Однако этим внезапно активизировавшийся Шверин фон Крозиг не ограничился. Он подготовил анализ англо-германских отношений и виновности Англии, что вызвало возражения у Шелленберга и Гиммлера, с которыми он уже в течение многих лет ожесточенно спорил по вопросу о пограничной службе. Шверин фон Крозиг считал, что они оба согласны с ним в его требованиях более активной политики. Однако амбициозный молодой Шелленберг (ему было только 35) не видел перспектив в этом плане, и «не потому, что их не было, но потому что невежественный Риббентроп саботировал любые инициативы, которые не исходили от него, – а те, что подавал он, были бесполезными. Кроме того, нам еще нужно втолковать нашим вождям, что им также придется принести жертвы».

Потом Шелленберг принялся нападать на политику рейха в отношении евреев, утверждая, что «поступать с народом так, как мы поступали с евреями, можно лишь, если этот народ находится под нашей пятой; но в то время, как под нашей властью одна треть евреев, а остальные живут за пределами нашей сферы влияния, наши действия в отношении евреев были хуже, чем просто преступление, это было безрассудство».

Кроме всего прочего, переговоры осложнял и «персональный вопрос», лидеры режима были прокляты за рубежом. Чтобы обелить рейхсфюрера СС в глазах мира, была организована кампания в зарубежной печати, целью которой было убедить общественность в том, что многие из преступлений, в которых обвиняется Гиммлер, могли быть совершены от его имени, но не были делом его рук.

На встрече Гиммлер добавил к списку лиц, с которыми можно было бы искать контакты, короля Швеции, а также уничижительно отозвался о Риббентропе и заявил, что вряд ли вражеский альянс расколется сам по себе; однако в конечном счете ударился в мистику. Говоря о возможностях достижения понимания с Англией – о трудностях чего он был полностью в курсе дела, Шверин фон Крозиг утверждал, что Германия должна согласиться не только на территориальные жертвы, но и на определенные внутренние перемены. Он намекнул на восстановление института президента рейха и отмену однопартийной системы. В этом плане ход его мыслей был параллелен взглядам Зельдте, с которым он уже обсуждал эти вопросы.

В самых высоких партийных и правительственных кругах процветали интриги, обрели питательную почву самые нелепые надежды и вынашивались нереализуемые планы. Тем временем, однако, оказалось успешным другое предприятие – и так произошло, потому что его конечным результатом было действие, но не на политическом, а на военном уровне. Несколько месяцев генерал СС Карл Фридрих Вольф пытался установить контакт с западными союзниками. В марте 1945 г. в Цюрихе состоялась его встреча с Алленом Даллесом, и после одной или двух новых встреч, 29 апреля в штабе фельдмаршала Александера в Неаполе было подписано соглашение о капитуляции немецких войск в Италии; оно вступило в силу в полдень 2 мая.

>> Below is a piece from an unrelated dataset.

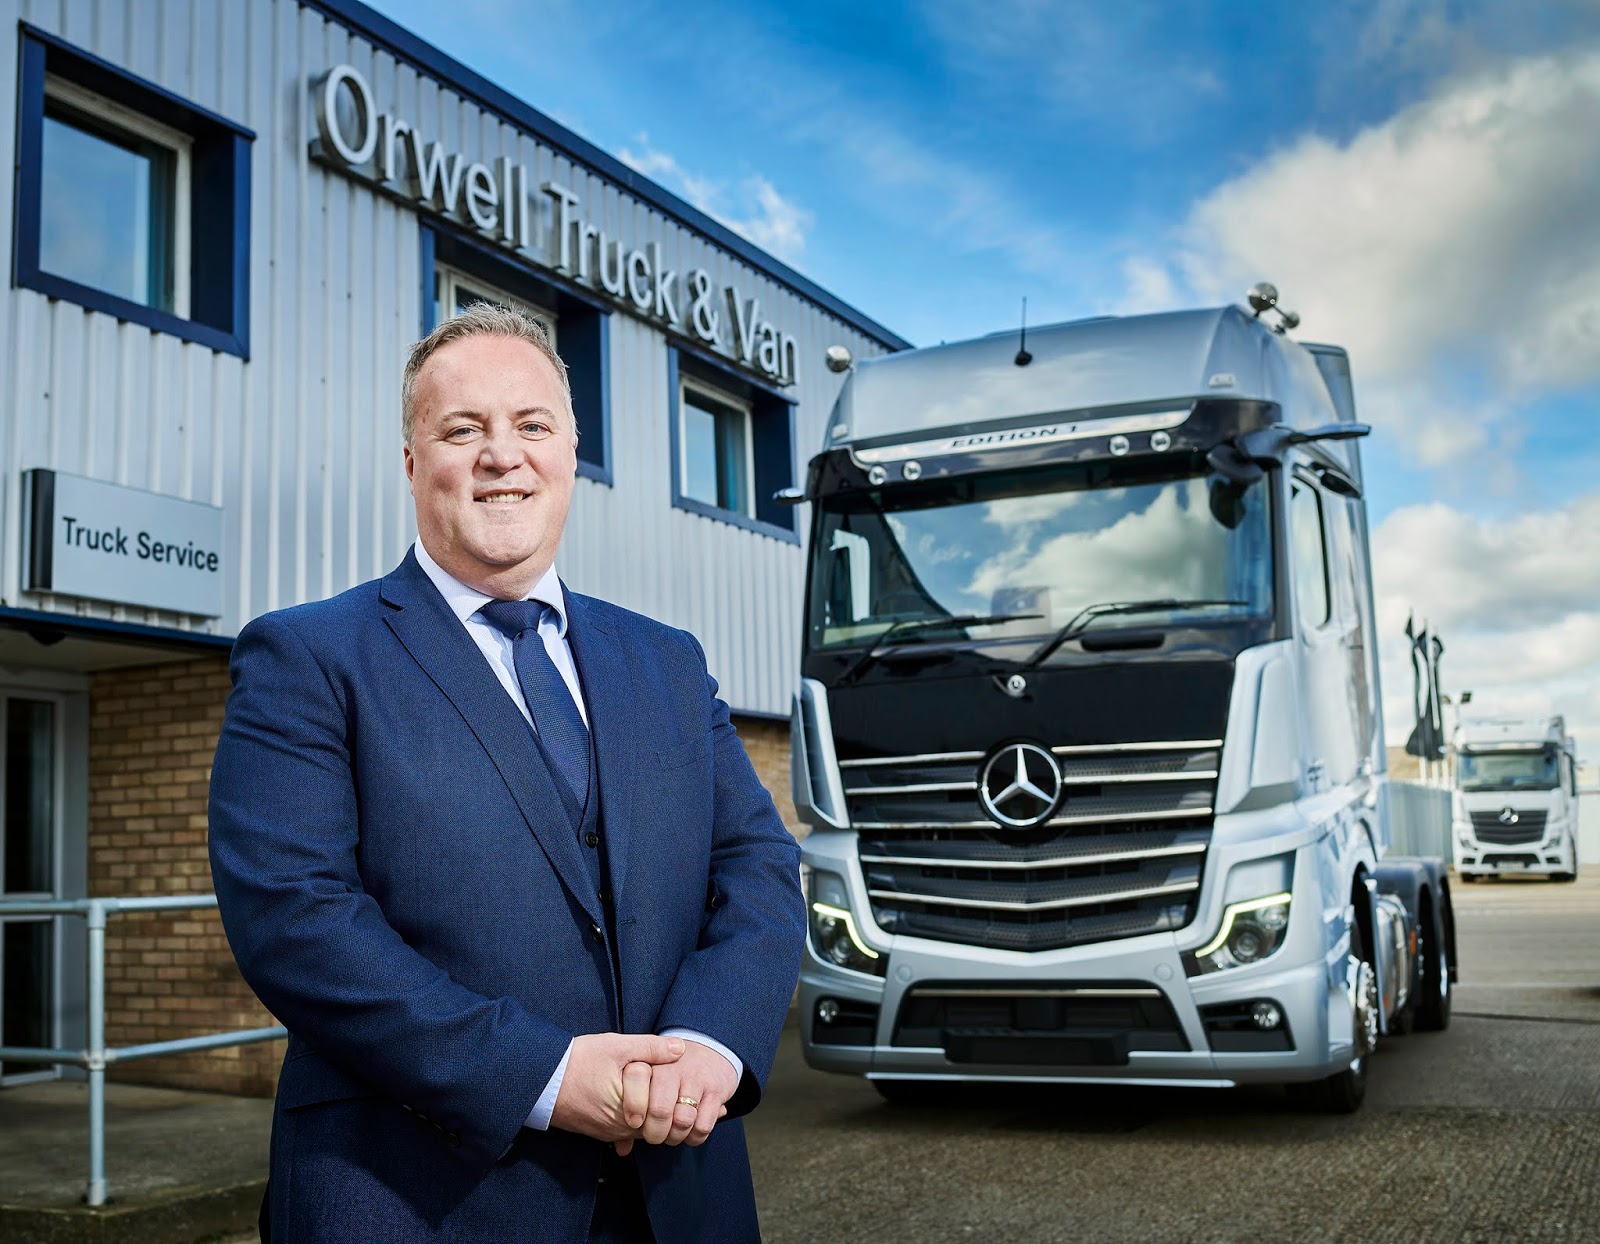 Customer care is key for MercedesBenz Dealers Orwell and

Какова же была позиция Гитлера в отношении всего этого спектра действий, варьировавших от робких надежд и попыток что-то исправить до сдачи в плен в последний момент? Он, должно быть, задолго до этого осознал безвыходность ситуации. Письма от фельдмаршала Роммеля и фон Клюге, меморандум Шпеера и ежедневные доклады о положении дел не оставляли места для сомнений в том, что война как в военном плане, так и экономически была проиграна. Тем не менее Гитлер запретил всякие разговоры о ее прекращении. Он засел в своем бункере под рейхсканцелярией, почти не выбираясь оттуда, и выходил на связь с внешним миром только по радио, телефону да еще с людьми по тщательно контролируемому списку; любому «пораженцу» он грозил смертной казнью. Во всяком докладе о поражениях на фронте фюреру мерещился «генеральский» заговор. В конце января генерал-полковник Гудериан, предпоследний армейский начальник Генерального штаба сухопутных войск, посетил Риббентропа и попросил его принять немедленные меры для завершения войны либо на Востоке, либо на Западе. Риббентроп разговаривать с фюрером отказался, но был ошеломлен, когда Гудериан сказал, что русские могут появиться в Берлине через четыре недели. На военном совещании вскоре после этого Гитлер заявил: «Если начальник Генштаба выдает информацию министру иностранных дел, он виновен в предательстве».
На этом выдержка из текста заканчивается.